The article proves once and for all that the American Tort reform Association claims are false and lies. As written, the Philadelphia Court of Common Pleas is projecting that 60 percent fewer mass tort cases will be filed this year than were filed in 2011.

Clearly, the American Tort Reform Association and its study that it pays for on Judicial Hellholes is not telling the public or the legislators the truth when it says that there is a problem with the Philadelphia court system. In fact, if anything, the court system in Philadelphia has shown to be fair and expeditious.

The link to the entire article by Amaris Elliott-Engel who can be contacted at 215-557-2354 or Follow her on Twitter @Amorist is below:

One Comment

  1. Gravatar for Darren McKinney
    Darren McKinney

    Leaving aside the question of copyright infringement raised by Mr. Cooper's posting of the entire Legal Intelligencer article without so much as a link to that publication's website, let's turn immediately to his misleading -- intentional or innocent -- introduction to the article.

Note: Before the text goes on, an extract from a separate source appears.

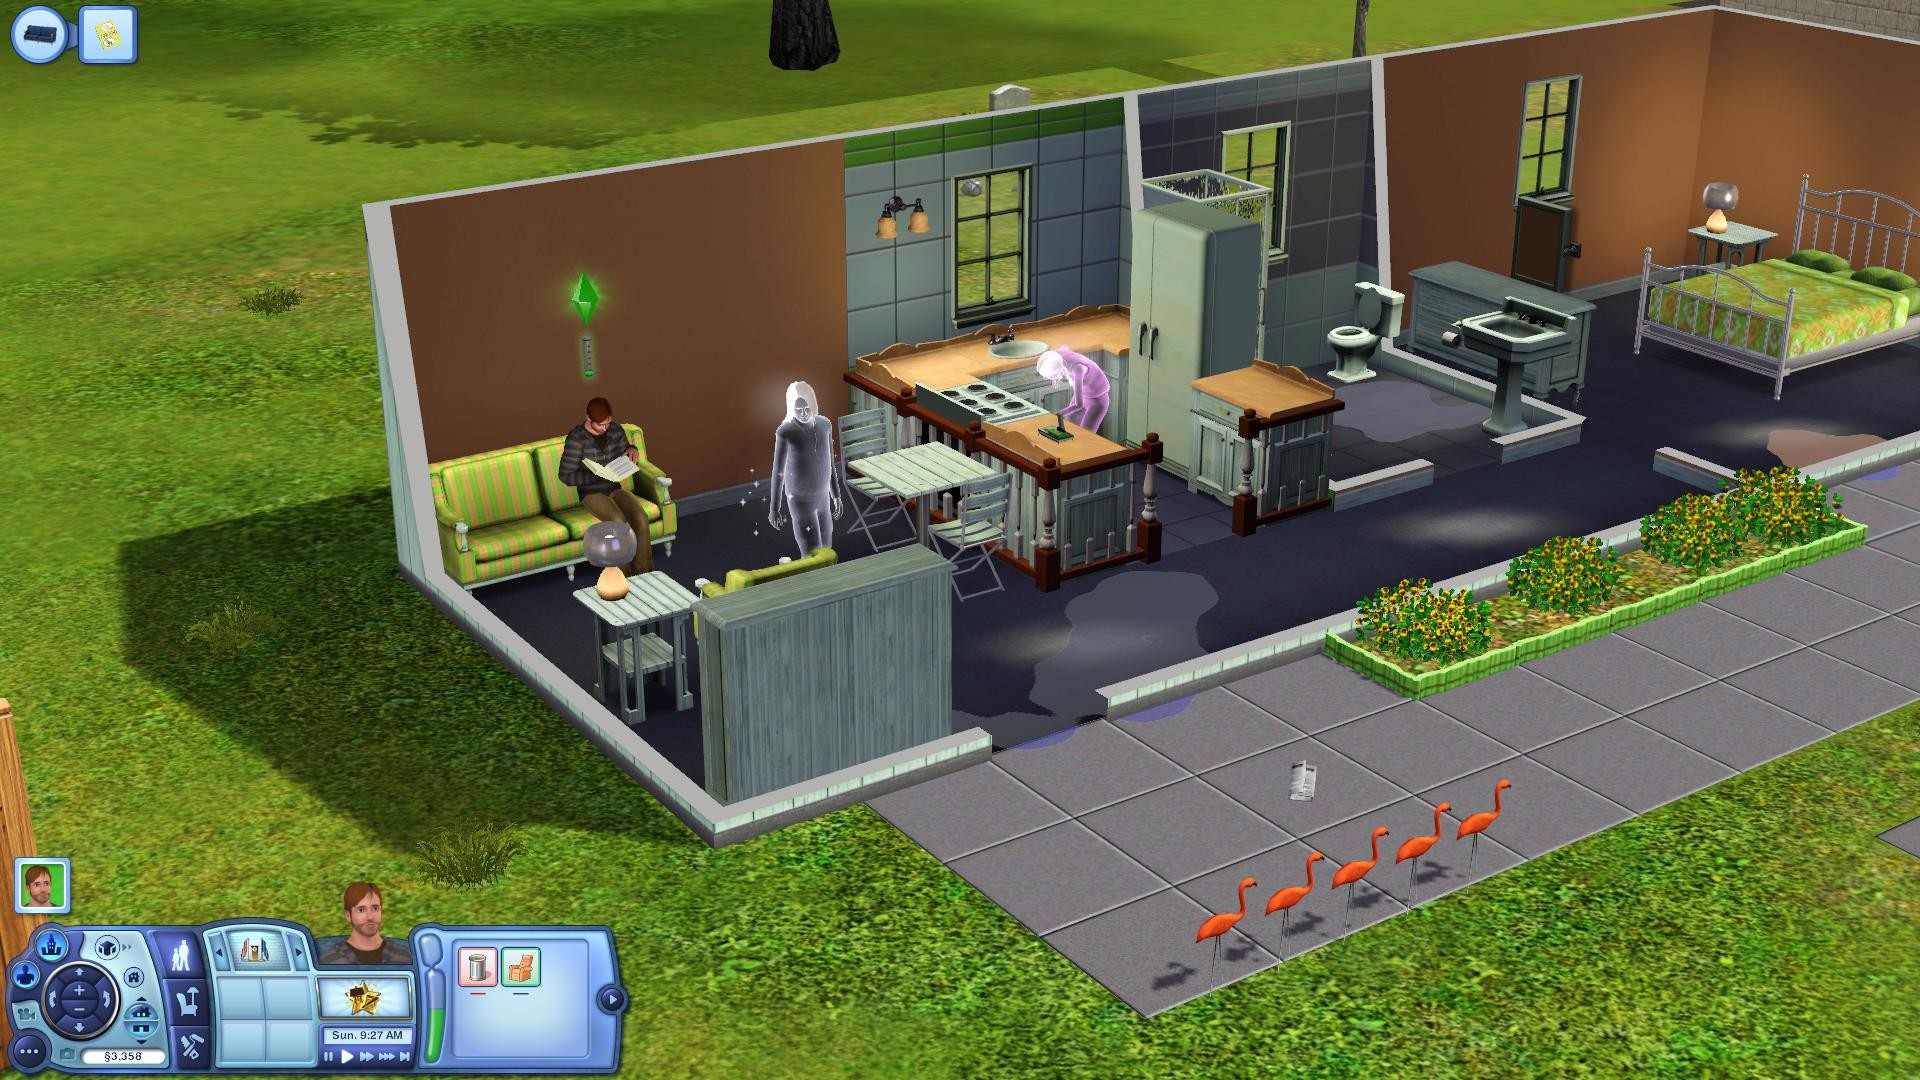 1920x1080 images sims 3 pets | The Sims 3: Pets Screenshot for Xbox 360 .
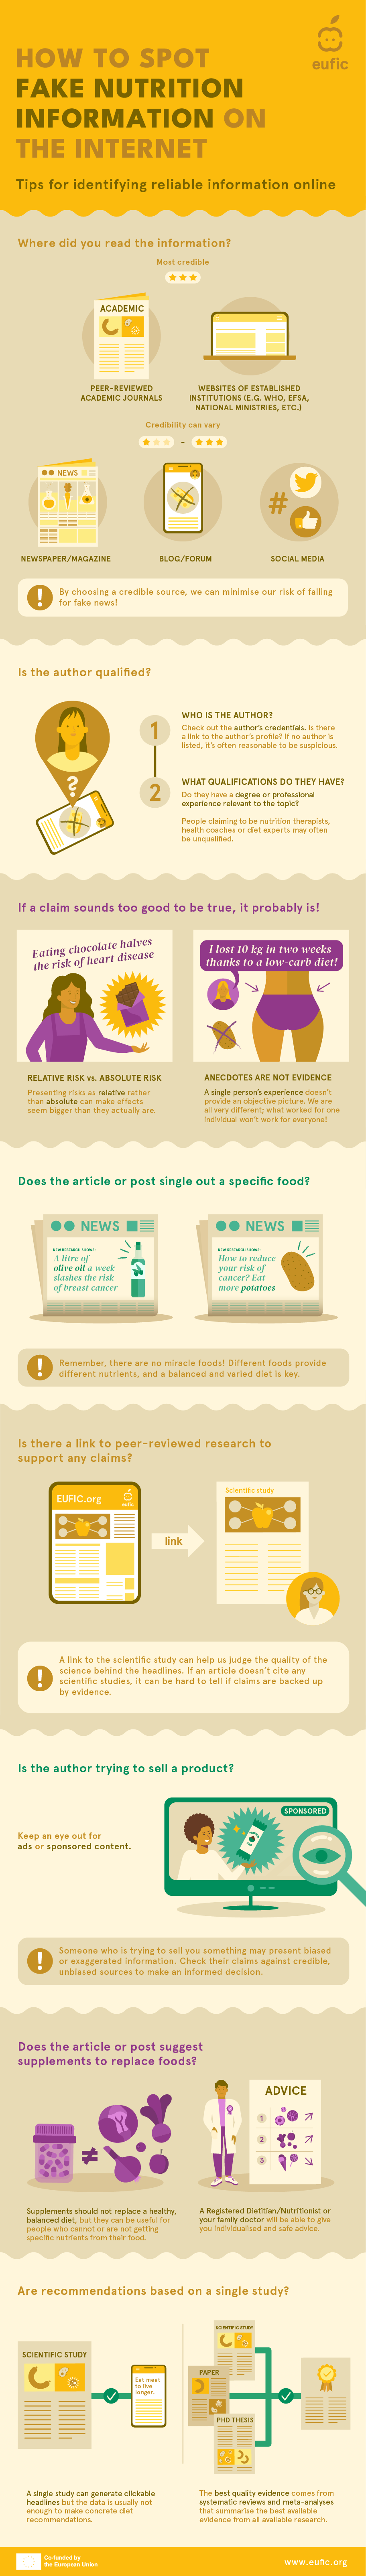 Infographic explaining how to spot fake nutrition information on the internet

    Mr. Cooper claims that mass tort filings in Philadelphia were down roughly 60% in 2011, and thus all demands for reform of that notoriously plaintiff-friendly Judicial Hellhole have been without merit. But that's not what the article reports at all. In fact, it instead reports that new filings thus far in 2012 are down 60% relative to 2011. And in keeping with the upward trend prior to this year, 2011 filings had increased relative to 2010 filings, just as 2010 filings had increased over 2009 filings.

    Reasonable people would attribute the 2012 decrease to Judge Herron's February 15 reform order that was instigated, in part, by the heightened scrutiny of the jurisdiction that my organization and others brought to bear.

    In any case, to deny that Philadelphia had long been an infamous destination for litigation tourists from across the country is to delude oneself or willfully misrepresent the facts.

    Darren McKinney

    American Tort Reform Association

    Washington, D.C.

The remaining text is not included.